The four memory layers¶

graph LR
  subgraph WS["Always-injected (per-session)"]
    A[IDENTITY · SOUL · USER]
    B[AGENTS · TOOLS · MEMORY]
  end
  subgraph LTM["Semantic LTM (autoCapture)"]
    C[memory-lancedb<br/>NV-Embed-v1 · 4096-dim]
  end
  subgraph WIKI["Named-entity wiki (bridge)"]
    D[memory-wiki vault<br/>Obsidian-style]
  end
  subgraph BRAIN["Cross-domain hybrid"]
    E[gbrain<br/>PGLite vector + graph]
  end

  Session([Chad session]) --> WS
  Session -. recall .-> LTM
  Session -. recall .-> WIKI
  Session -. CLI subprocess .-> BRAIN

What goes where:

Identity / principles / autonomy policy → workspace files. Loaded into every main session. Operator-owned, not curated by Chad.
"Remember this preference / decision / contact" → memory-lancedb. Captures fire automatically on multilingual triggers (remember/preferences/decisions/possessives).
Per-system reference / per-correspondent rich page → memory-wiki vault. Look up by name. Backlinks form a graph.
Cross-domain knowledge / book chunks / research → gbrain. Two books fully ingested for the fitness kind today.

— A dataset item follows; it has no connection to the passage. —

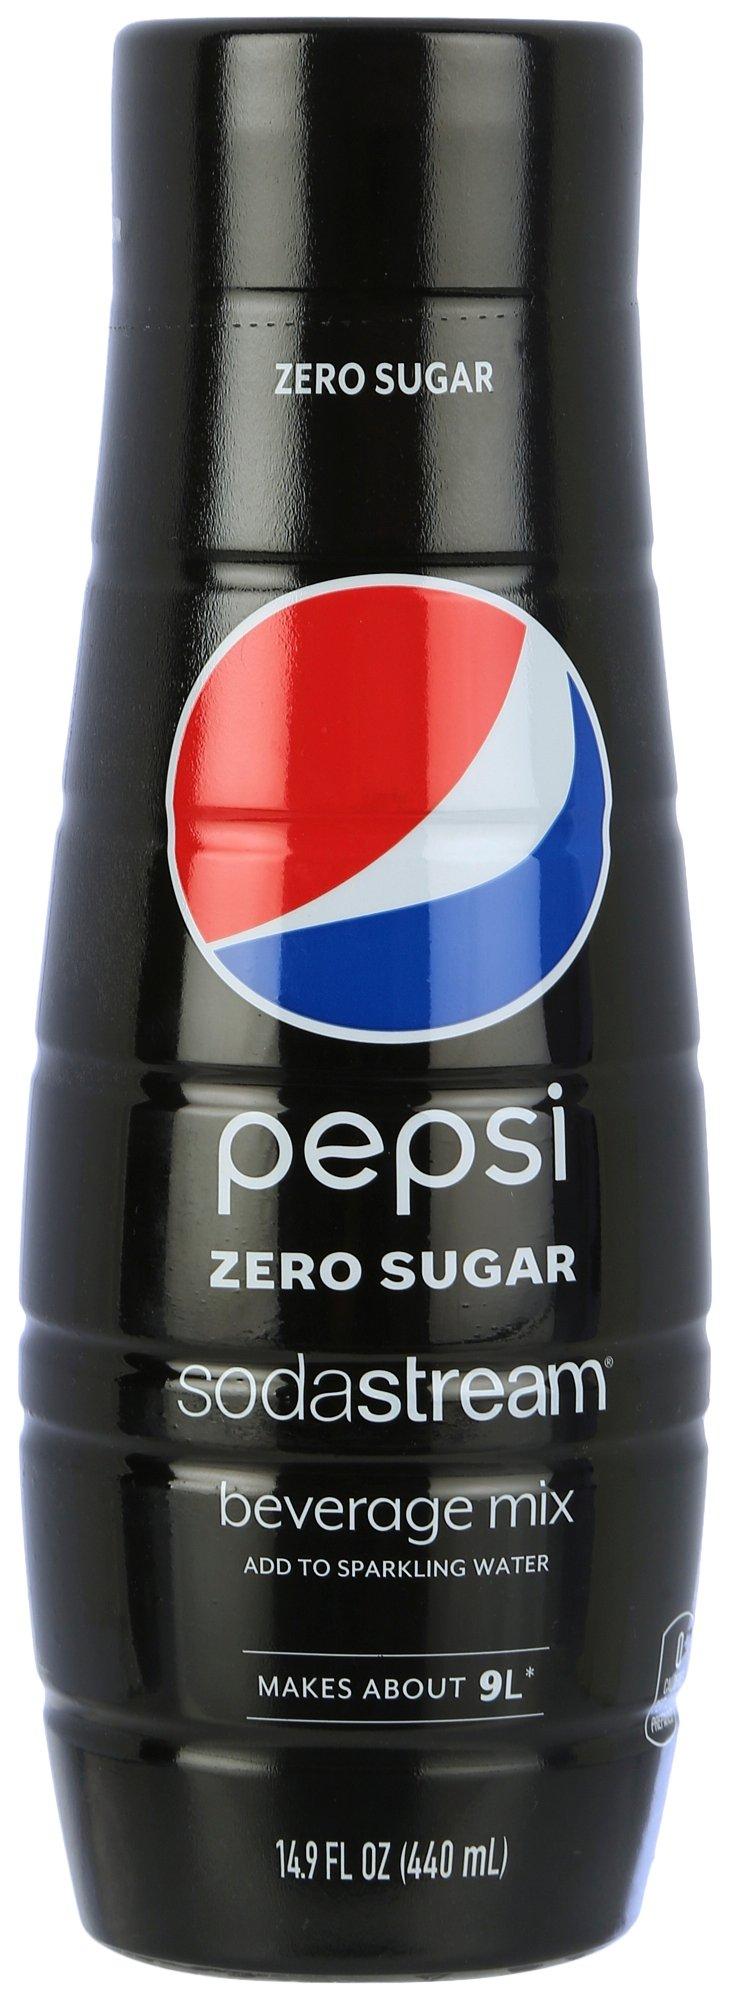 https://images.beallsflorida.com/i/beallsflorida/654-7214-2567-00-yyy/*Pepsi-Zero-Sugar-Mix*?$product$&fmt=auto&qlt=default
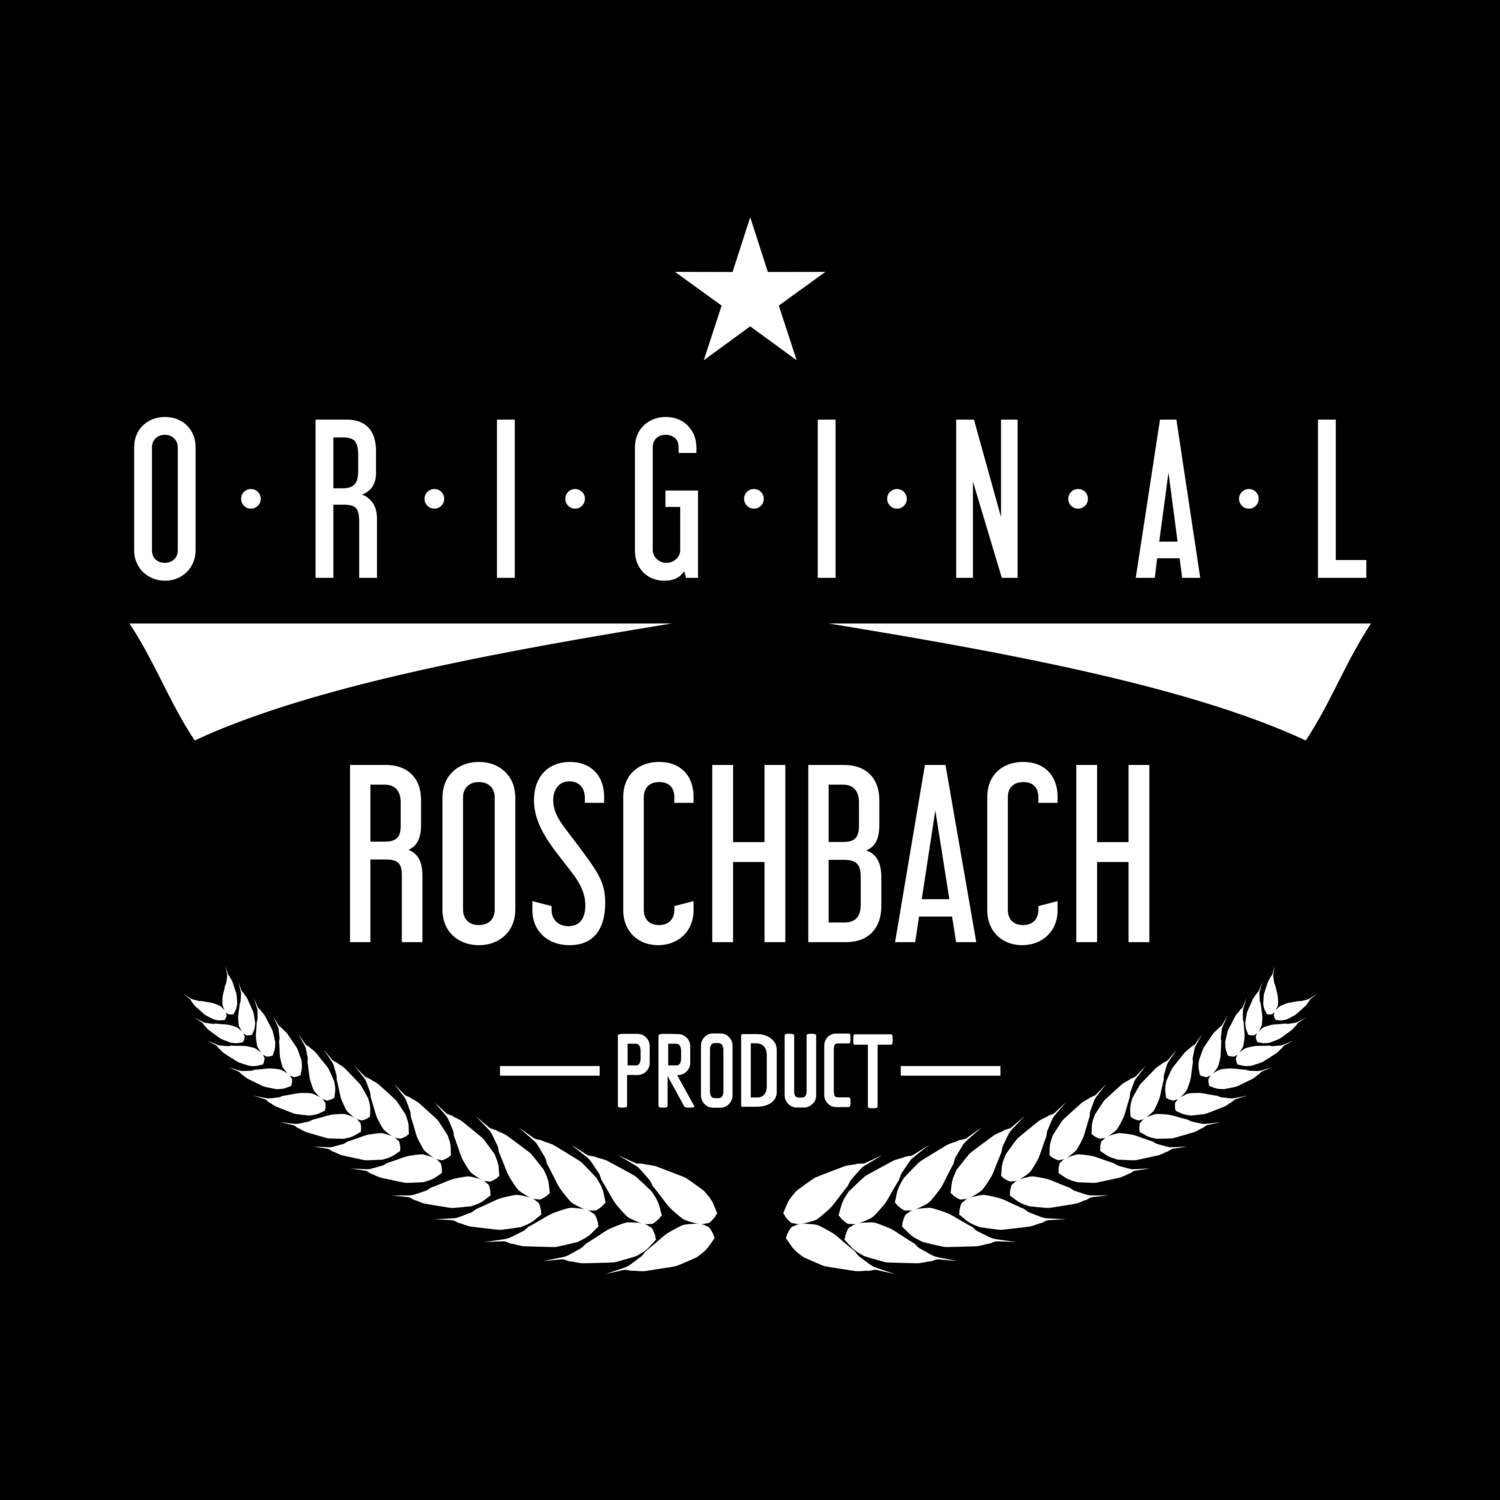 Roschbach T-Shirt »Original Product«

The full decision tree is in Memory stack.

The autonomy boundary¶

Every external action passes through the action gate:

flowchart LR
  A[Action proposed<br/>e.g. send mail to X] --> G{chad-action-gate}
  G -->|auto| S[Ship it]
  G -->|draft| P[Park for review]
  G -->|block| X[Refuse]
  G -->|budget| Q[Defer]
  G -->|killed| K[Halted by .auto-disabled]
  S --> L[Audit log<br/>auto-action-log.jsonl]
  P --> R[Today's memory file]
  X --> R

The gate's policy is /sandbox/.openclaw-data/auto-actions.json. It's intended to be readable — the autonomy roadmap is the diff between "what's auto today" and "what's draft or block today." See Autonomy.

Two execution substrates¶

Sub-agent spawns route to one of two backends:

Substrate	Runs in	Isolation	Network policy	Async
`local`	Chad's container	Process tree shared with parent	L7 policy preset enforced	No (sync only)
`gha`	Fresh GitHub Actions runner	Per-spawn VM	Lost — runner has wide egress	Yes (`--async`)

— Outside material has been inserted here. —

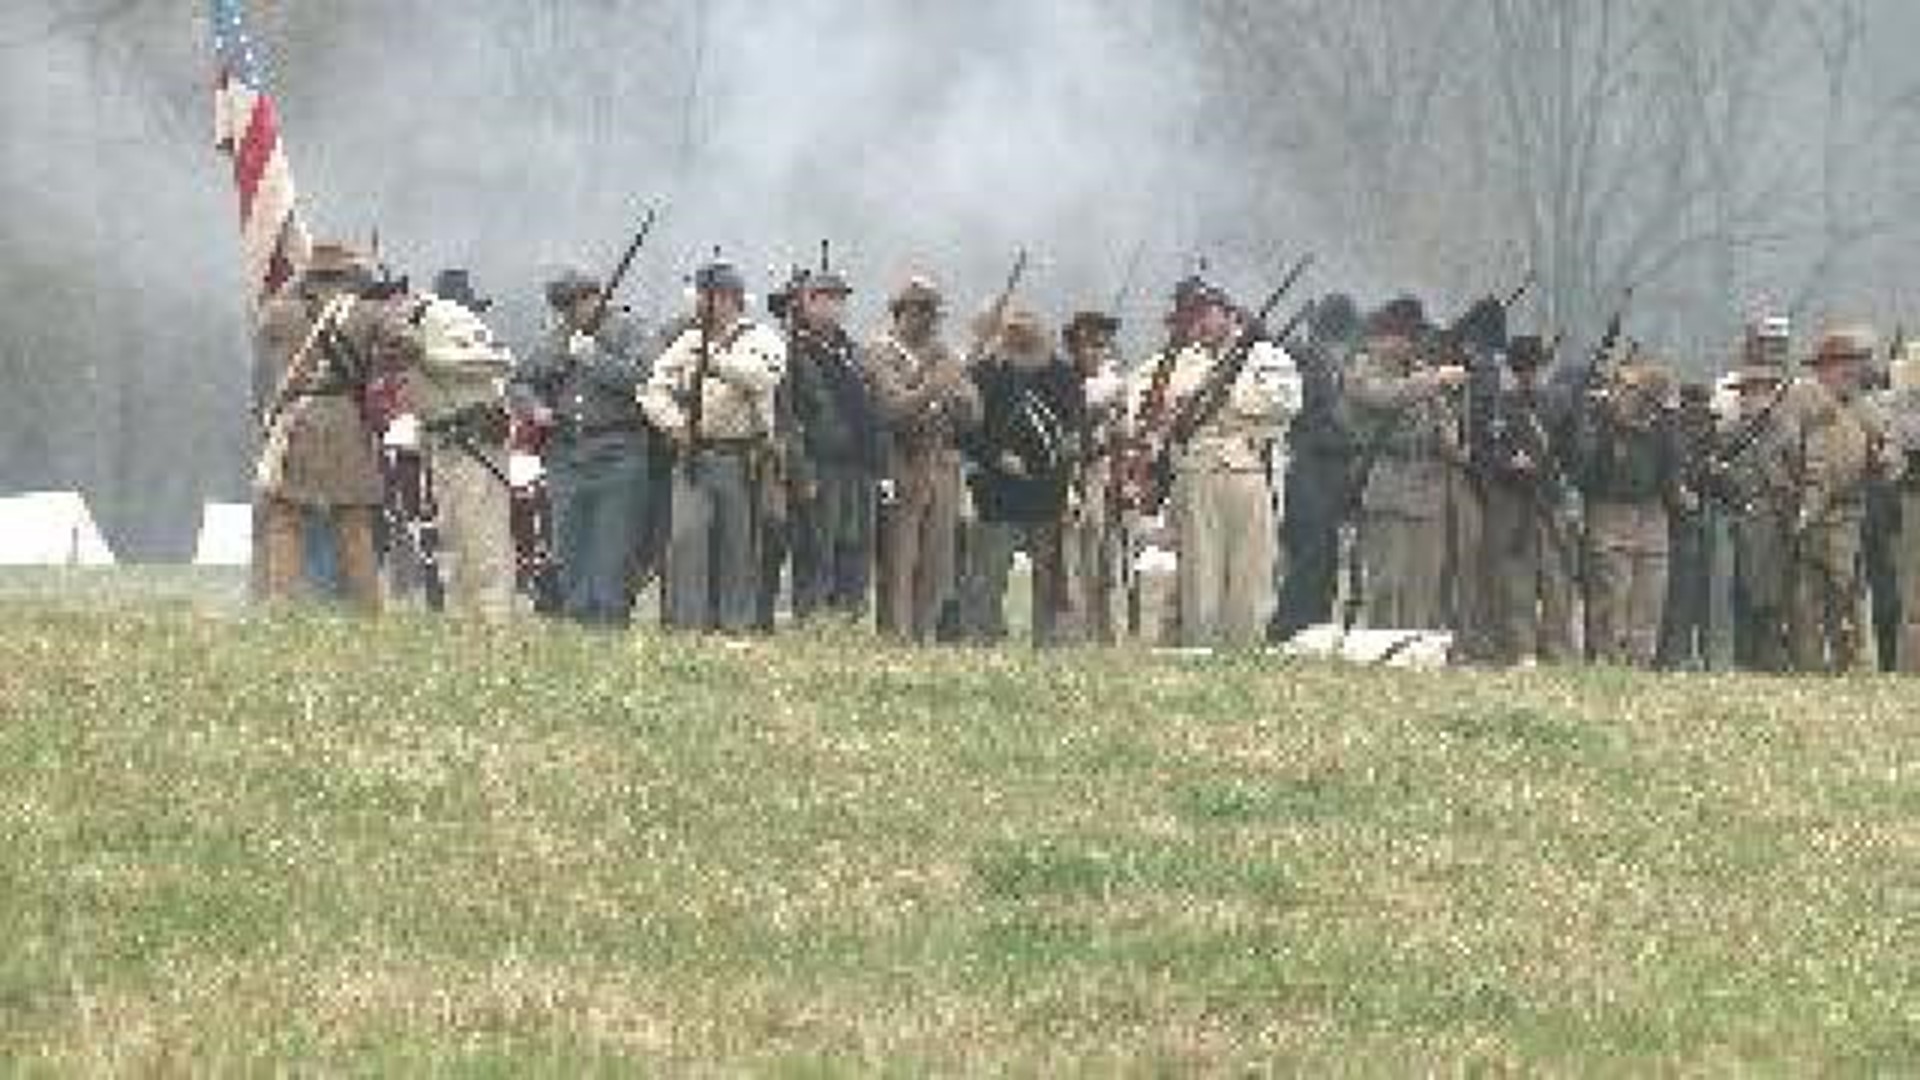 151 Year Anniversary of the Battle of Pea Ridge

The local substrate is right when the sub-agent needs gbrain, the sandbox source clone, or NVIDIA inference. The gha substrate is right when the sub-agent is self-contained — codex writing a markdown report from a prompt, opencode running against an external repo.

A future pod substrate (Phase D in the design doc) would give the isolation of GHA runners with the L7 policy enforcement of the local substrate. Not built yet.

Where the source lives¶

NemoClaw (NVIDIA-owned blueprint) — tantodefi/NemoClaw on the chad-dev branch. The hardened sandbox image, the policy presets, the orchestrator scripts, the cron wrappers.
gbrain — tantodefi/gbrain. PGLite-backed knowledge brain.
chad-state (private) — tantodefi/chad-state. Backup of the workspace dir + the agent-job workflow for the GHA substrate. Not publicly readable; no link.
OpenClaw — openclaw.ai. The agent runtime Chad runs as.
OpenShell — NVIDIA/OpenShell. The sandbox + L7 gateway.